■ Directions ■
Copy each line of the entries beneath that contains the word "Pink".

■ Data excerpts ■
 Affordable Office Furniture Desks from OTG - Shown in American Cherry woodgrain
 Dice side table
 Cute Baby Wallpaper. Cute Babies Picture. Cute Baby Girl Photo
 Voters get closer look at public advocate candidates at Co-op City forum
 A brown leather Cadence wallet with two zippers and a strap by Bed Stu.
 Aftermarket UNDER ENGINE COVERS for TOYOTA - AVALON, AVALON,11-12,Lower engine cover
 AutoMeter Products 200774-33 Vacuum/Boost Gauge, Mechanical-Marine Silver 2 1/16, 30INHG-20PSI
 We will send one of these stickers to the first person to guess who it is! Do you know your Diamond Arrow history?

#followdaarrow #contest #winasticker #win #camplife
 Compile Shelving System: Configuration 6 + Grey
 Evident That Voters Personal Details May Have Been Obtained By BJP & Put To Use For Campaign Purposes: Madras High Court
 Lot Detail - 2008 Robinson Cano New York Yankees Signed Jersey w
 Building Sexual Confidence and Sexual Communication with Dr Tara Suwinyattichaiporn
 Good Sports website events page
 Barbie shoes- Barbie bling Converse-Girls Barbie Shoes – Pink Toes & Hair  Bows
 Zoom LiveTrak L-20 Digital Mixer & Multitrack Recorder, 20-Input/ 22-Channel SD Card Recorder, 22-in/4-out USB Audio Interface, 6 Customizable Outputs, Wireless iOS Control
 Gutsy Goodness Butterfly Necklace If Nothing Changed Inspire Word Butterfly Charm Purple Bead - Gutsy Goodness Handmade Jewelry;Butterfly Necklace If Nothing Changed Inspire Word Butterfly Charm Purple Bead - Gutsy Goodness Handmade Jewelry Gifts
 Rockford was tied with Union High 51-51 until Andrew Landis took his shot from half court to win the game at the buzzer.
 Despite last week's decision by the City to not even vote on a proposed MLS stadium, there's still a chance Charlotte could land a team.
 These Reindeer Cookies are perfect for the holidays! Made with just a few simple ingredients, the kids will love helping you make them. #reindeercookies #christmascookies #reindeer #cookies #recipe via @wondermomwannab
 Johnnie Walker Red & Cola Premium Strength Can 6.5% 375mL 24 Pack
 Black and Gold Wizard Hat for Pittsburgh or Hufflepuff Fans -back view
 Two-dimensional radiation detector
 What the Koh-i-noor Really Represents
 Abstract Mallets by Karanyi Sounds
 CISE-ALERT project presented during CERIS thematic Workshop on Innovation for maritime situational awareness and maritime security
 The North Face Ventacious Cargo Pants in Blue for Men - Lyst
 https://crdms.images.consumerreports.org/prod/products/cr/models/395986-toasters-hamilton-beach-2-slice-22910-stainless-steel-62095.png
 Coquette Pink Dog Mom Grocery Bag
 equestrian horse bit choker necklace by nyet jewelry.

■ Exercise response ■
 Barbie shoes- Barbie bling Converse-Girls Barbie Shoes – Pink Toes & Hair  Bows
 Coquette Pink Dog Mom Grocery Bag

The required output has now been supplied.